Something with a high bias is very rigid in its idea of the separation boundary between the positive and negative classes. Naive Bayes comes up with a separation boundary that is a line - throwing more data will only help it find a better line, but it cannot find anything non-linear i.e. say if the optimal separation boundary looks like a circle, well, you are out of luck.

A high variance classifier can find complex boundaries but is sensitive to the precise distribution of points. This is a problem because data may be often contaminated with noise i.e. instances in your data set that are not consequence of the phenomena you want to study/model. In the sales car pitch problem discussed previously, the forms in which people filled in an incorrect age would result in noise. A high variance classifier would try to find a separation boundary which correctly labels the noisy points too. This is not a smart thing to do since the noise that you saw on the training data (data used to build our model) may not show up in the test data (data on which we are making our predictions based on the model built on training data) - its noise after all - leading to inaccurate predictions.

The figure below shows these problems. In the left panel, which shows the training data, we can see how a high variance model overfits and finds a boundary that includes the noisy green points - which exist far inside the "red region". The high bias classifier is unaffected, but then, it is also a bad model, since the ideal boundary seems quadratic. In the right panel, we see that in the test data the noisy points are absent, and instead, there are red points present in the region as we might expect. The high variance model predicts everything in this region as green however - since that is what it has learnt from the training data. The high bias model, labels a lot of the green points as red, because it could never fit the data correctly in the first place. That it was not affected by noise is an artifact of its general inflexibility.

Also note that even the ideal boundary misclassifies one red point (bottom left-most) - the lesson is no one is expected to get everything right, we are merely in the business of minimizing errors.

Training Data

Test Data

The graph below shows how the accuracies of our models change as size of the dataset increases. With low training data, the high variance decision tree classifier fits noise - so much as that the Naive Bayes model, which is downright wrong for this data (remember the data in the example is not linearly separable) outperforms it. A high amount of data effectively tames the decision tree to focus on the dominant patterns in the data only (i.e. not noise) and its performance becomes better. We also discussed that throwing more data at a high-bias classifier doesn't help things much - accordingly, we see that the Naive Bayes line plateaus after a while, whereas, more data definitely helps the decision tree become progressively better.
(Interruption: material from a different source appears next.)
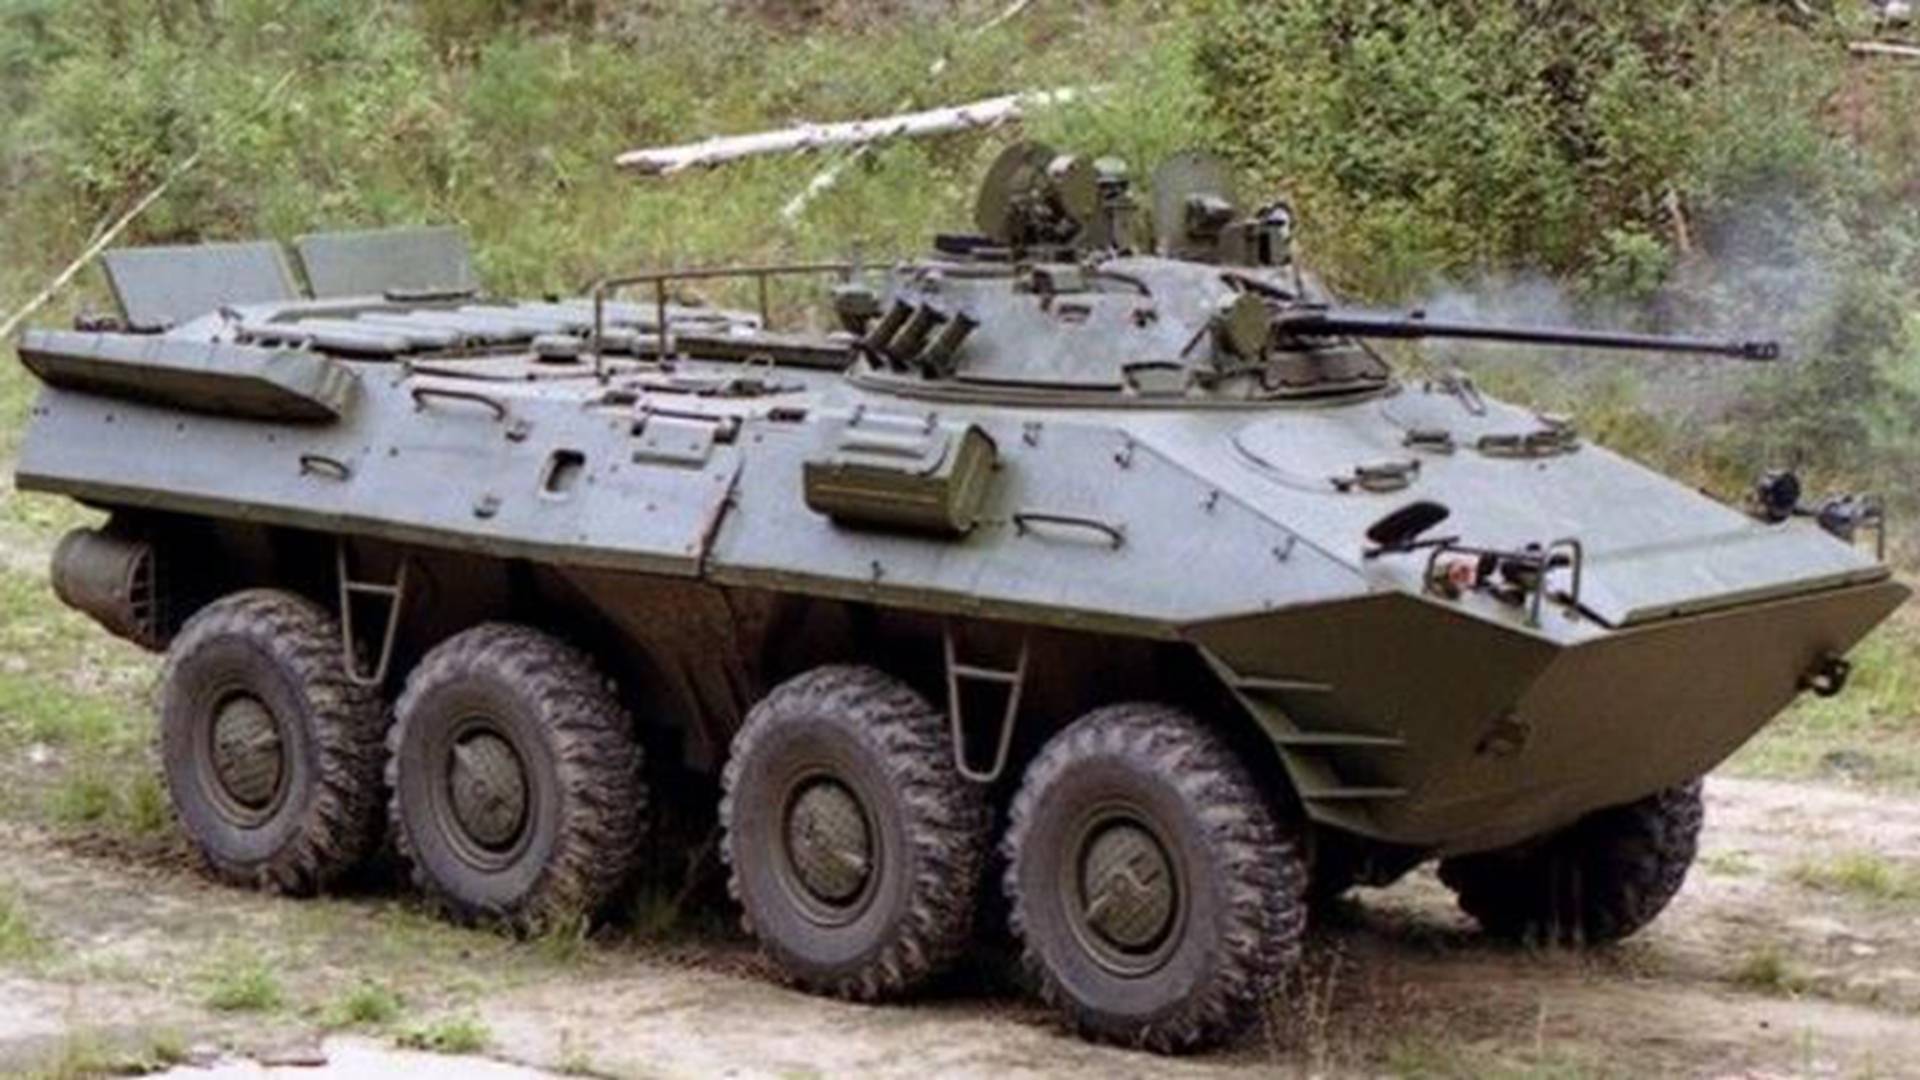 时间来到1993年,btr装甲车的研发厂商—俄罗斯阿尔扎马斯工厂接到了

Accuracy of Naive Bayes vs Decision tree, as a function of dataset size. Source.

This scenario should tell you that some of what you think of as well-informed decisions can turn out to be catastrophically wrong (duh! life!) - what is a better classifier can depend on how much data you have (among other things). Now, go read up on these topics as much as you can :)

Literature survey is important. If you are new to ML you may have those moments when it seems you've hit upon an original idea to solve a problem. I will be harsh here and tell you that its most likely not as original as you think it is. ML has been around for a while - research on neural networks started in the late 50s! - and in the last couple of decades in that time, the field has adopted a reeling pace in its development. What that means for you is that most common "use-cases", and many not so common ones, have been thought about, and solutions published or patented.

One way I like to put this is, to be original, you are now competing with people across space and time. In your class in school, for an idea to seem brilliant, you had to only come up with something that didn't strike your 30 odd or so peers in a given amount of time. Here, however, your peer group is composed of every living human being who is working on ML (and would publish/patent) - they are distributed across the globe and some of them probably have the luxury of dedicating more time to solving ML problems than you do. And this is only the space part. Your competitors are also the people who contributed research to the discipline in the last 50-60 yrs. This is the time part. Needless to say, with such a massive demographic that spans space and time, for something to be original is tough. Especially so if you are unaware of what existing literature consists of.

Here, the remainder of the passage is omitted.